Securing the Virtual Environment. How to Defend the Enterprise against Attack, Davi Ottenheimer, Matthew Wallace, Wiley, 2014.

NFV threats

NFV threats are located at intersection of virtualization and general networking threats and, therefore, can be mitigated by hardening both virtualization and networking protection.

Enabling NFV in a cloud environment brings the following threats:

  • Intellectual Property related threats. VNFs may come from different vendors that should take measures to protect the proprietary code in VNFs against each other and a cloud operator (Information disclosure).
  • VNF images can be altered or replaced by a compromised one (Tampering). To mitigate the tampering threat, provide integrity verification for VNF images.
  • Because of dynamic nature of NFV, network traffic loops may occur. For example, when a VNF’s output goes to directly or through intermediaries to its input. This may lead to the DoS amplification attacks. Detect loops during topology validation or when forwarding messages.
  • The resources of the virtualisation infrastructure (storage, network connections, memory, CPU, operating system resources) can be exhausted by an attacker causing a DoS attack. To mitigate the DoS attack caused by overconsumption of of the virtualisation infrastructure resources, enable monitoring for degraded performance and anomalies in resource allocation.
  • When using the IOMMU technology (for example, Intel VT-d) to provide the direct access from a network adapter to a VM’s memory, one VM can access another VM’s memory, prevents VM from starting, alter a hypervisor or take the whole host down. To mitigate these threats (information disclosure, DoS, tampering), verify that your network card uses shared IOMMU implemented in the I/O chipset as a part of the SR-IOV standard.
  • The cloned VNF image may contain confidential information such as private keys, certificates, passwords and tokens. Once one of the images is compromised, all clones are. To mitigate information disclosure threat, use secure key management and a unique key pair for every cloned image. Employ operator-controlled certification authorities (CAs) for internal services such as management, orchestration, and operation within NFVI.
  • Diagnostic, debugging, and monitoring interfaces enabled in a VNF for remote support can be exploited by attackers. To prevent unauthorized access using VNFs, provide authorization to control if a VNF can turn into a maintenance mode, what diagnostics functions are allowed, and who can run them.

Attack surface

The more public interfaces the system has, the larger attack surface becomes, and the more it is exposed to external attacks. Minimize the attack surface to save efforts on protecting it against external attacks. To do that, place your API endpoints behind a trust boundary such as Firewall or DMZ.

See also

Threat Modeling: Designing for Security, Adam Shostack, Wiley, 2014.

Targeted attacks and APTs

Modern cyber attacks happen now via a set of cyber espionage processes called Advanced Persistent Threats (APTs) that are capable of running silently for a long period of time collecting specific information on a victim’s computer or network.
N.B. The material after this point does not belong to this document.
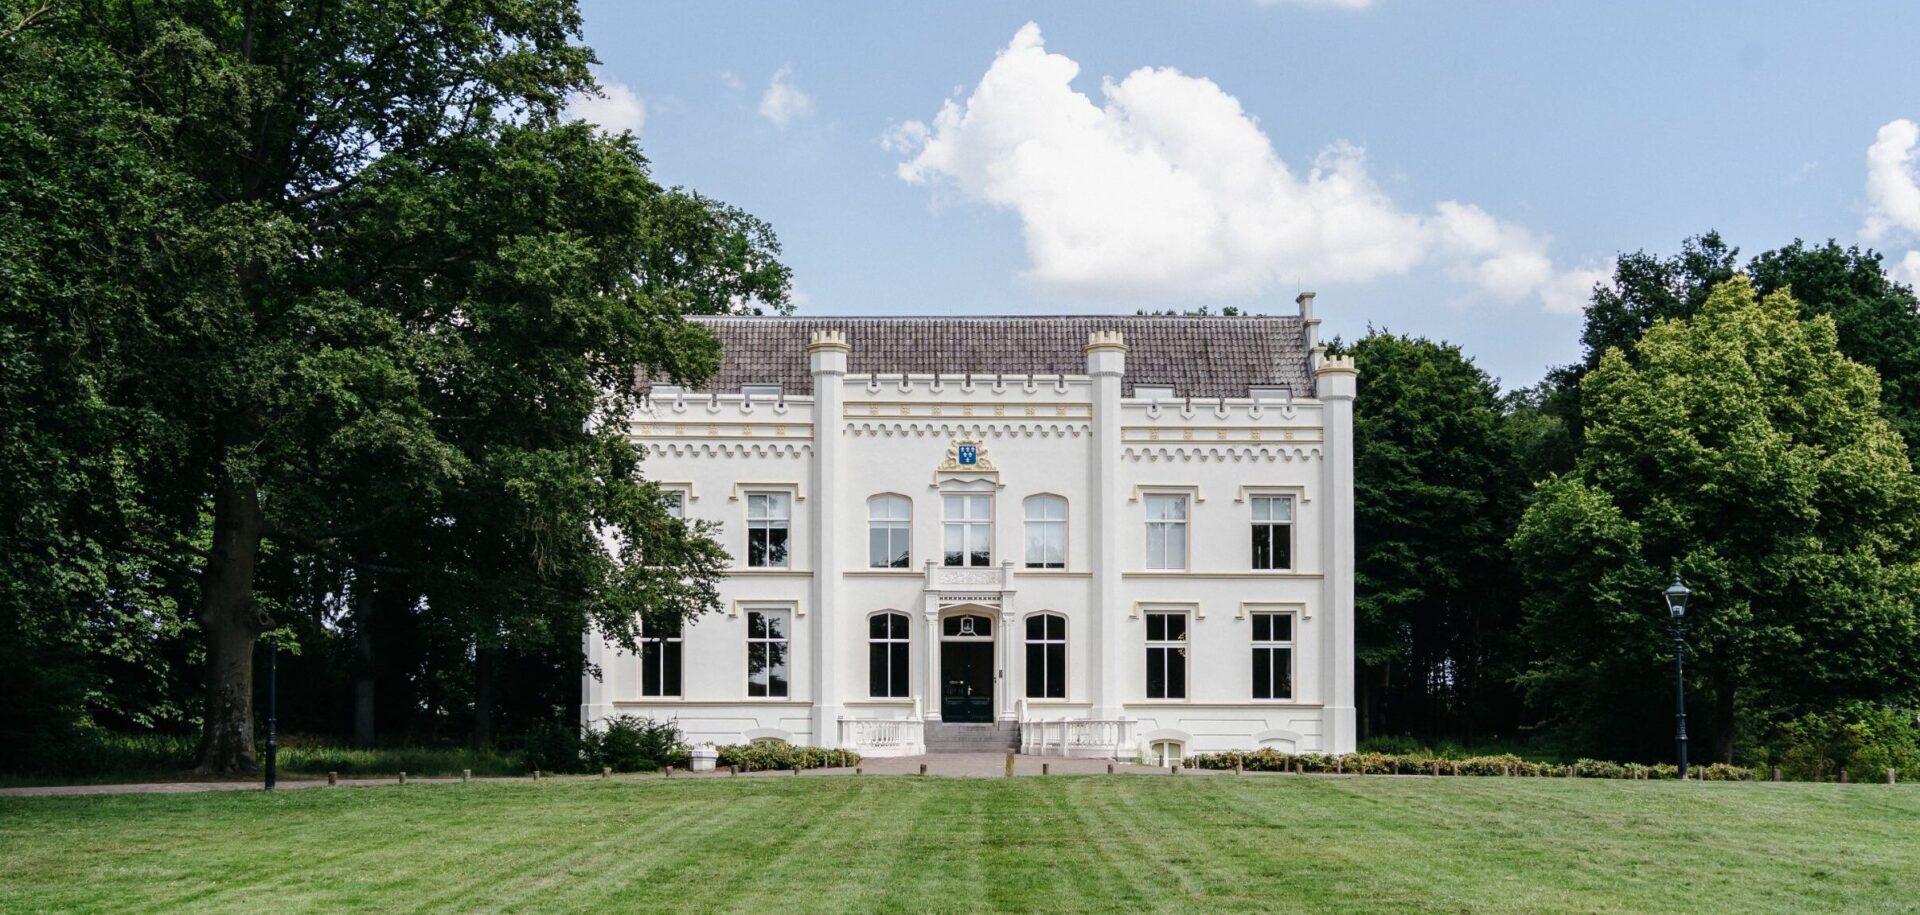 Huis Scherpenzeel is een prachtig landhuis in een klein dorpje onder Veenendaal. Het heeft een rijke geschiedenis en valt nu onder één van de drie locaties van Swijnenburg

Nowadays, attackers do not try to penetrate a security perimeter in a straightforward manner by scanning and exploiting found vulnerabilities, as it may attract too much attention to the attack and it will be blocked in a matter of minutes.

Attackers prefer using more sophisticated techniques based on social engineering to allow a spy program to operate in a hidden way for unlimited amount of time not attracting extra attention from a victim and having an ability to harvest sensitive information and send it to a Command and Control (C&C) server.

The most popular techniques used in targeted attacks are:

  • Spear-phishing emails
  • Watering hole attacks
  • Zero-day exploits

Before running a targeted attack an attacker performs reconnaissance to understand how a targeted environment looks like.

The general APT model might look like:

  • Reconnaissance
  • Penetration using:
    • Spear-phishing
    • Watering hole
    • USB removable storage
  • Delivery of the APT kit
  • Lateral movements and EoP
  • Data collection
  • Data exfiltration

Defensive techniques

The techniques described in this chapter are mostly based on STRIDE as we focus on Mirantis OpenStack, which is a software product. Each threat class is represented with a corresponding set of mitigation techniques and recommended tools. The table below represents information about threats and mitigation techniques based on the STRIDE model.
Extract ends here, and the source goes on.